90.

He was more than just a boyfriend, then. I wanted to go to Elisa’s house right away, even though my mother kept saying: What are you doing, your sister is preparing a surprise for you, stay here, we’ll all go together later. I paid no attention. I telephoned Elisa, she answered happily and yet embarrassed. I said: Wait for me, I’m coming. I left Pietro and the girls with my parents and set off on foot.

The neighborhood seemed to me more run-down: the buildings dilapidated, the streets and sidewalks full of holes, littered with garbage. From black-edged posters that carpeted the walls—I had never seen so many—I learned that the old man Ugo Solara, Marcello and Michele’s grandfather, had died. As the date attested, the event wasn’t recent—it went back at least two months—and the high-flown phrases, the faces of grieving Madonnas, the very name of the dead man were faded, smudged. Yet the death notices persisted on the streets as if the other dead, out of respect, had decided to disappear from the world without letting anyone know. I saw several even at the entrance to Stefano’s grocery. The shop was open, but it seemed to me a hole in the wall, dark, deserted, and Carracci appeared in the back, in his white smock, and disappeared like a ghost.

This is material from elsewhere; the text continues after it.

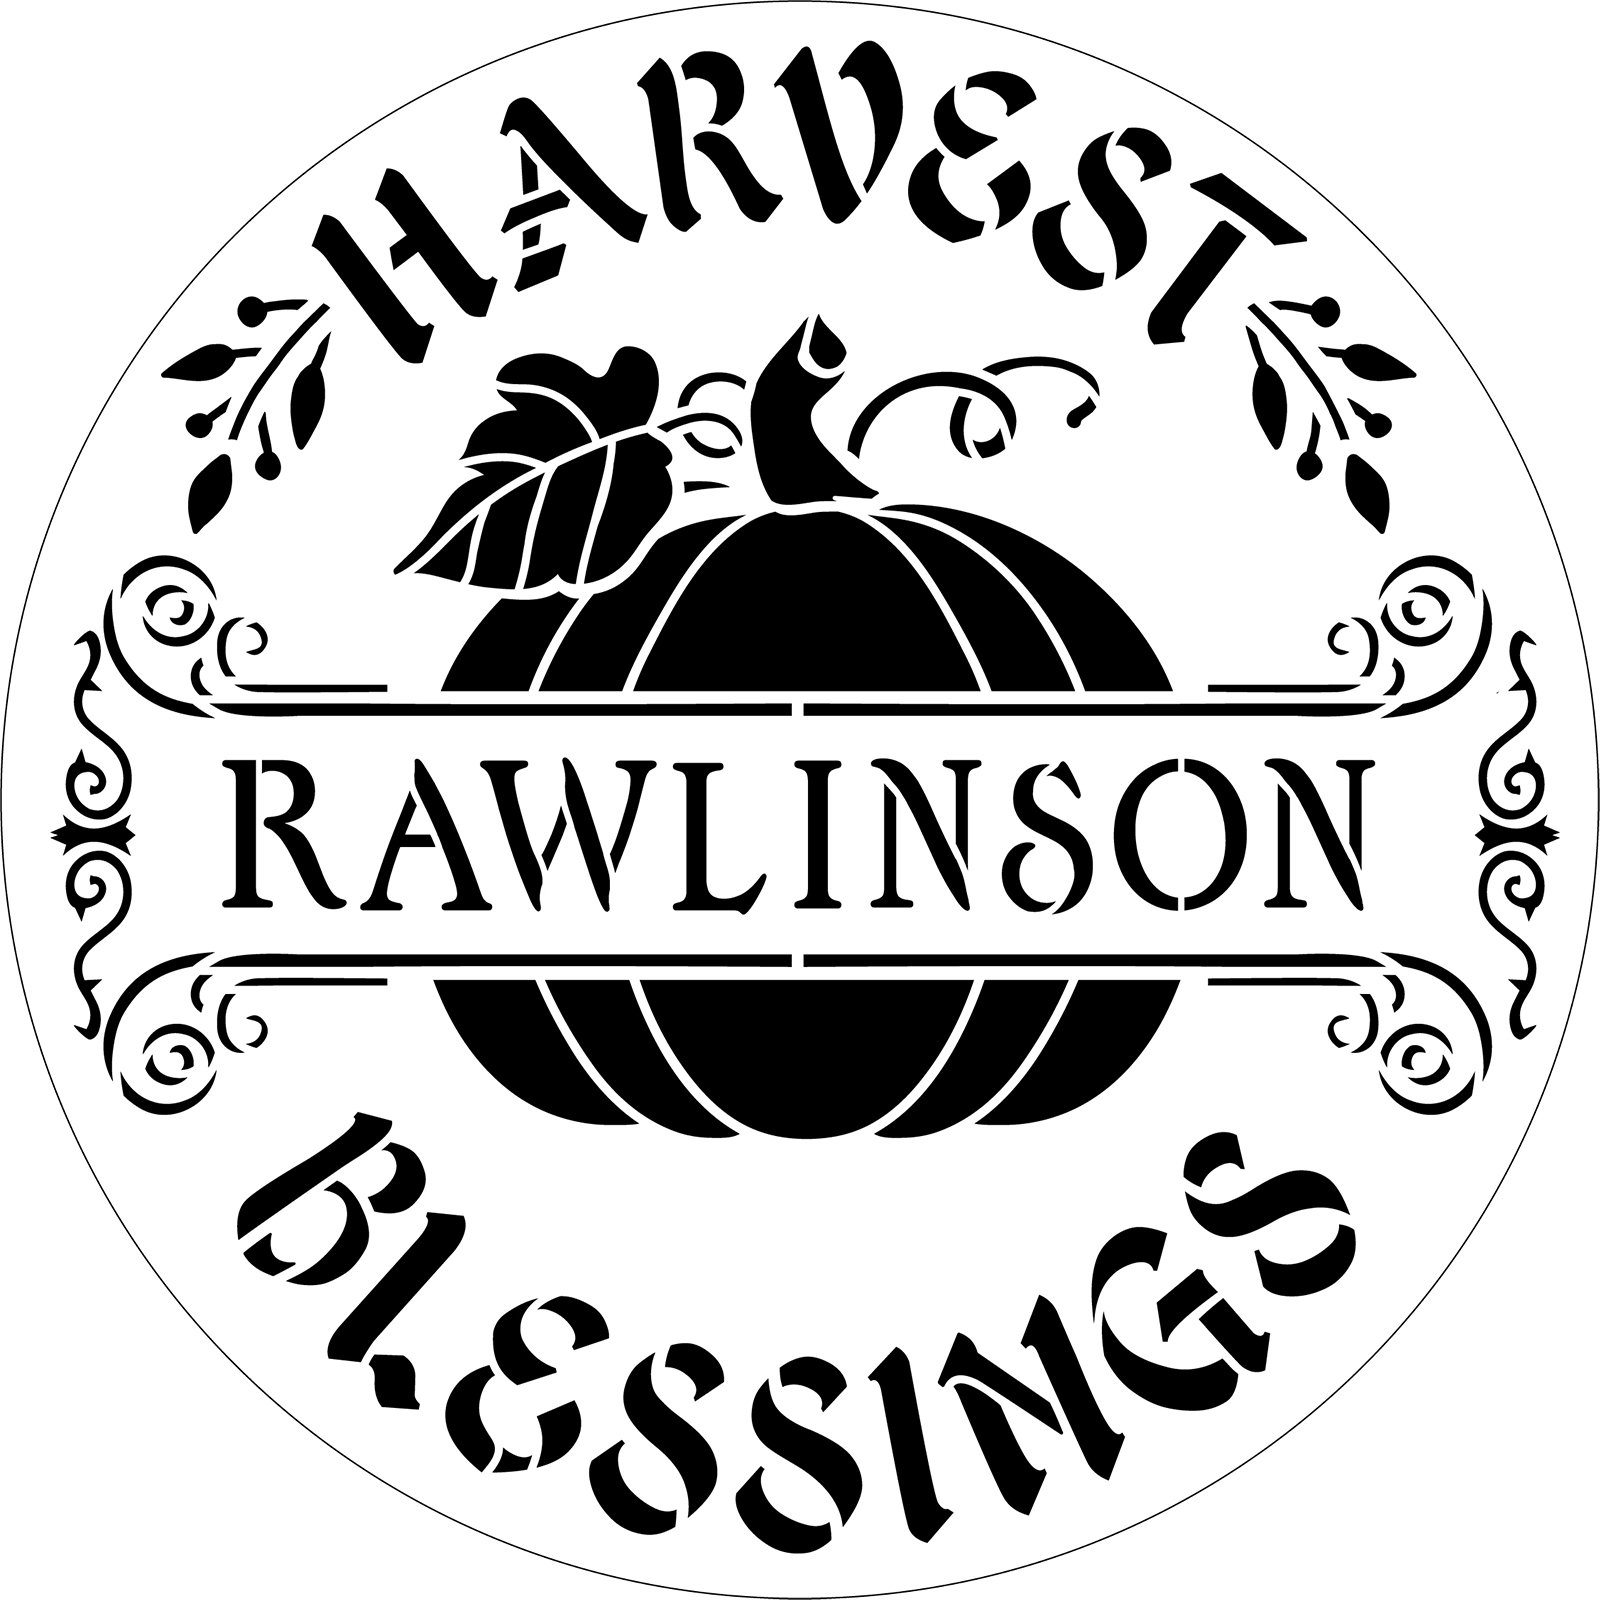 Personalized Harvest Blessings Stencil by StudioR12 - Select Size - USA Made - Craft DIY Fall & Family Home Decor | Paint Custom Wood Sign for Autumn | Reusable Mylar Template
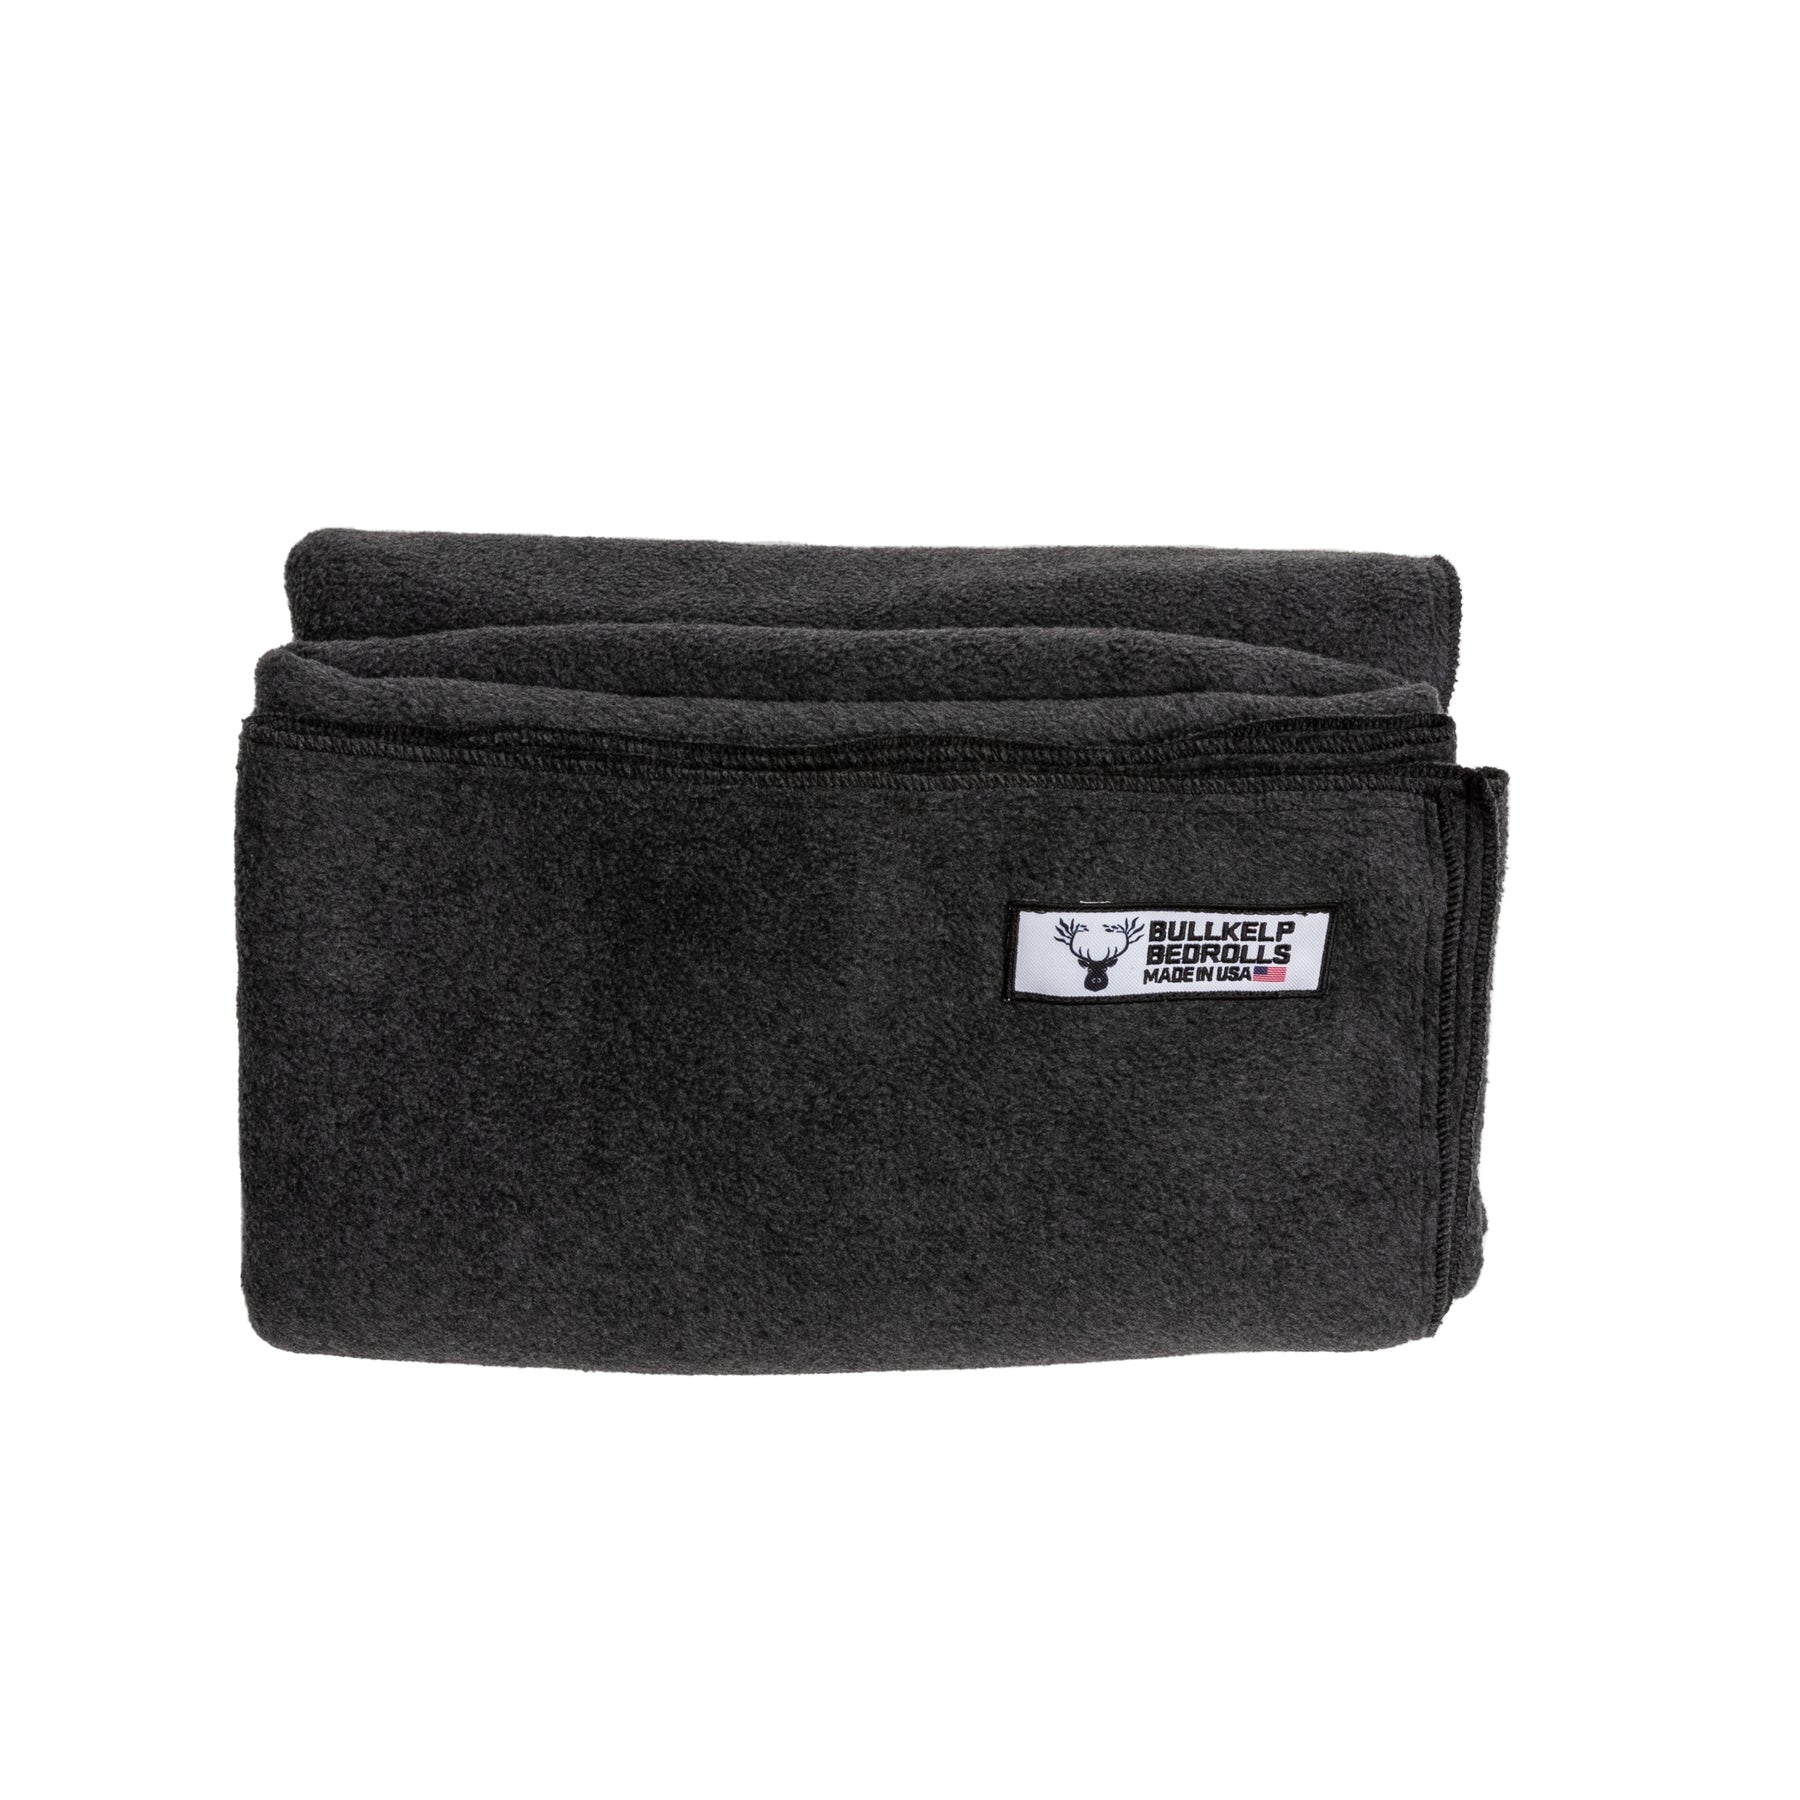 STATION BEDPAC™ *w/ free camp pillow

I climbed up toward the railroad, passing what we used to call the new grocery. The lowered shutter, partly off its tracks, was rusty and defaced by obscene words and drawings. That whole part of the neighborhood appeared abandoned, the shiny white of long ago had turned gray, the plaster had flaked off in places, revealing the bricks. I walked by the building where Lila had lived. Few of the stunted trees had survived. Packing tape held together the crack in the glass of the front door. Elisa lived farther on, in a better maintained area, more pretentious. The porter, a small bald man with a thin mustache, appeared, and stopped me, asking with hostility who I was looking for. I didn’t know what to say. I muttered, Solara. He became deferential and let me go.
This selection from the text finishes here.